Não confunda minha paixão com uma idolatria cega.

E se um dia acordo rebelde e te deixo sem mais explicações? Sentiria minha falta? Ou seria mais uma entre uma multidão inteira? Mudaria alguma coisa no teu rumo? Duvidas? Duvidas que te deixo?

Mesmo em meio à minha simpatia, saibas que preciso me sentir querida, que preciso sentir que queres me atrair, além da atração natural que já tenho por ti. Duvidas?

Já vaguei pelas ruas da cidade, além das ruas do meu próprio pensamento e das estradas infinitas da incerteza e te asseguro que há muito ainda por explorar, e eu tenho sede por conhecer sempre mais. Vou deixar as coisas como elas estão? É o que tenho perguntado já tem algum tempo. Duvidas que vou?

Ah! Se eu for... E não duvide que se quiser eu vou! Se eu for... sentirei saudade, posto que nunca escondi minha predileção. Ah! Se me decido... sofrerei e seguirei sem arrepender-me. Apenas vou.

Duvidas, São Paulo, que te deixo?

quinta-feira, 11 de setembro de 2008

Fraquezas Humanas

Sempre fui da opinião que se há algo por fazer faça, se há algum amigo pra visitar visite, se há ócio, ocie. A última coisa a ser feita era, sem dúvida, sentar (ou deitar, ou pior, se jogar) num sofá, toda torta, com expressão vazia e ligar a televisão com o controle remoto.

Até o dia que eu cheguei em casa cansada.

Nesse dia, nesse memorável dia, o banho foi automático a comida foi automática, tudo gestão do meu eu-fisico imperando sobre meu raciocínio. Não faria nada, porque já havia trabalhado o dia inteiro, não visitaria ninguém, porque em São Paulo esse hábito é quase um sacrilégio, ainda mais se for no meio da semana, e ócio... quem fica ocioso por aqui? Sempre há alguma coisa que ficou pra trás.

Nesse dia eu tinha coisas pra fazer. Milhares de coisas que por minhas inúmeras limitações eu não completaria.

Nesse dia eu entendi o sucesso do aparelho. Eu entendi o que faz pessoas que trabalham tanto e que ganham tanto dinheiro investir numa televisão, dessas modernosas, que parecem quadros, das que parecem cinema, das pequininhas ainda.

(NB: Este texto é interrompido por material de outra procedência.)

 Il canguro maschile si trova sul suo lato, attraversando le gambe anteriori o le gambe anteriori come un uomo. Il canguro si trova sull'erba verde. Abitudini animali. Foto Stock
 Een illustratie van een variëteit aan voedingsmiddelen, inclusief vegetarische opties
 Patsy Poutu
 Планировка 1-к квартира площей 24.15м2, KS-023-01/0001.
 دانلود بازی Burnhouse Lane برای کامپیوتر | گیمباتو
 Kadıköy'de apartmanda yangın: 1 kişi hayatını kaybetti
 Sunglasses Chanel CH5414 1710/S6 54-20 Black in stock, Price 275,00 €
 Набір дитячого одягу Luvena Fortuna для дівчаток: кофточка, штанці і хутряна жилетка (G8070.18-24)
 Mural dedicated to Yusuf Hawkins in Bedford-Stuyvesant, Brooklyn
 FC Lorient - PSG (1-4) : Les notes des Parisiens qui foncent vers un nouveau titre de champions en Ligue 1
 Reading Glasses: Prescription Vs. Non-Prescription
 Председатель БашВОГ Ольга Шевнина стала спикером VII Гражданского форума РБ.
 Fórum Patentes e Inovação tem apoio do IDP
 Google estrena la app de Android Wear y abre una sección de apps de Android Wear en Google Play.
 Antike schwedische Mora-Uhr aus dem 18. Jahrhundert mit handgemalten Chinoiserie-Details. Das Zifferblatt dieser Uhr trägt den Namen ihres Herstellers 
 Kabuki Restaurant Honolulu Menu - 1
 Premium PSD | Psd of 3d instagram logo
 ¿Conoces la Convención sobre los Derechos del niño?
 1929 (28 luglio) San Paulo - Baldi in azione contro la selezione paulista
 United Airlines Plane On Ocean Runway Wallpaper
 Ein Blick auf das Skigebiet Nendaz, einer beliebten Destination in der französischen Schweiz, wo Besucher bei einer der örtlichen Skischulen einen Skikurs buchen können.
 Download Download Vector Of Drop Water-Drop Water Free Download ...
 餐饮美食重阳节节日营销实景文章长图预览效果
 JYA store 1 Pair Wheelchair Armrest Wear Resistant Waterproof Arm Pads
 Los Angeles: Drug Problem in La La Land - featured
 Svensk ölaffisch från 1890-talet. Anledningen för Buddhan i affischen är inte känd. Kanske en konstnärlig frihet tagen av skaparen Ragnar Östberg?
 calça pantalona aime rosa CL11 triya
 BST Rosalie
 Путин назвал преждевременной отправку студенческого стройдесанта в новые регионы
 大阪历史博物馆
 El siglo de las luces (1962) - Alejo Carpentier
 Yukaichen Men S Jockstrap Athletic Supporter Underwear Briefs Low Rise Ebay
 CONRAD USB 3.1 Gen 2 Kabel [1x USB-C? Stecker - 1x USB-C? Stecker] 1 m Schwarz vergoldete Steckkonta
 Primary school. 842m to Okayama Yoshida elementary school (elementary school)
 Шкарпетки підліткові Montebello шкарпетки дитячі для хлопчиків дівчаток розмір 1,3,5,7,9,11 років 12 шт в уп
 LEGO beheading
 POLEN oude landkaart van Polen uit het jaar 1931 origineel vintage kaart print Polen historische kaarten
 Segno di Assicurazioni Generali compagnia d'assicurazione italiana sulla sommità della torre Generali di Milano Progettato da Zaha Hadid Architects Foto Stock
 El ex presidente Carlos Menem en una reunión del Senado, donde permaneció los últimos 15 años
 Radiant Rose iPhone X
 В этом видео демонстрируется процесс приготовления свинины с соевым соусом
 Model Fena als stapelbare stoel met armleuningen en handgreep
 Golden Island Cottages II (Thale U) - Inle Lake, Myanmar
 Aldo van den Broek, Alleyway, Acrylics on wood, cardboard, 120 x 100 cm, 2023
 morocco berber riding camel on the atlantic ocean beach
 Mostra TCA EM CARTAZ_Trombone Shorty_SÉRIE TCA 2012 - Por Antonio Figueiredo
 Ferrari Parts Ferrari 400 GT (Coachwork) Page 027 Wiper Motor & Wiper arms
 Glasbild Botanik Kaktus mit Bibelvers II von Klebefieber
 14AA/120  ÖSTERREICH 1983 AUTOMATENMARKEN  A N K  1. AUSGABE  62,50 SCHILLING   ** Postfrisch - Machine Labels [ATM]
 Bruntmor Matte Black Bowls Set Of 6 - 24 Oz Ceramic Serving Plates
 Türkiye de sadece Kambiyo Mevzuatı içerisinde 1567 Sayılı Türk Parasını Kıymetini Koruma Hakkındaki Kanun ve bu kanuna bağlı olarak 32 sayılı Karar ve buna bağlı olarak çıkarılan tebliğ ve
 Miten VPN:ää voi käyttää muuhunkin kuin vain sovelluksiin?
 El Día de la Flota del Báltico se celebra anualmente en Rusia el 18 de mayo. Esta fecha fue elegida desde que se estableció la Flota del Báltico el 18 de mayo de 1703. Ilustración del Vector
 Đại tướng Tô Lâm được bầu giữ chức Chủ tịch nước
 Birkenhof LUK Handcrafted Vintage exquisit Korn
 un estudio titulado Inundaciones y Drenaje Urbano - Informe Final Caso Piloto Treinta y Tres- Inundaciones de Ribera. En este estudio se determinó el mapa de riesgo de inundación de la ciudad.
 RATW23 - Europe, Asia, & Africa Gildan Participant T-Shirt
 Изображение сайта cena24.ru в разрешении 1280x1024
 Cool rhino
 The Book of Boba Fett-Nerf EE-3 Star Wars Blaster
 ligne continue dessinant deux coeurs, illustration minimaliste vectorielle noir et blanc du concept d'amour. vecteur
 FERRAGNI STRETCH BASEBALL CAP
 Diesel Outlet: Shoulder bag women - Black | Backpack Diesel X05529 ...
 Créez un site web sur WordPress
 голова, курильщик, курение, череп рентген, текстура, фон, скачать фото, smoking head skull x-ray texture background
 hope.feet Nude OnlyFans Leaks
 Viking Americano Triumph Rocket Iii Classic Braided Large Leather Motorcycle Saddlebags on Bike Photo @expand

Cheguei um dia cansado e ligue a televisão... é uma sensação hipnótica maravilhosa: você vê, você ouve e você não absorve! Pelo contrário, dá até a impressão que junto com aquelas baboseiras todas de jornais sangrentos, novelas cretinas e fake-realiy-shows saem outras baboseiras que estavam antes na cabeça. Alivia. Relaxa. Entorpece. A alma vaga pelos problemas dos outros e volta para aquele mísero corpo cansado convencendo-o de que tudo pode ser pior,e, portanto, não há razões para queixa.

Mas agora que descobri esse novo Pasalix, tenho ainda mais certeza do quanto isso não deve ser usado, a não ser em caso de emergência. Vai que um dia colocam a televisão no meu trabalho e descobrem que assistindo a luta entre o mocinho e o bandido eu sou capaz de trabalhar doze horas?

Foi só um momento de fraqueza. De volta aos meus livros.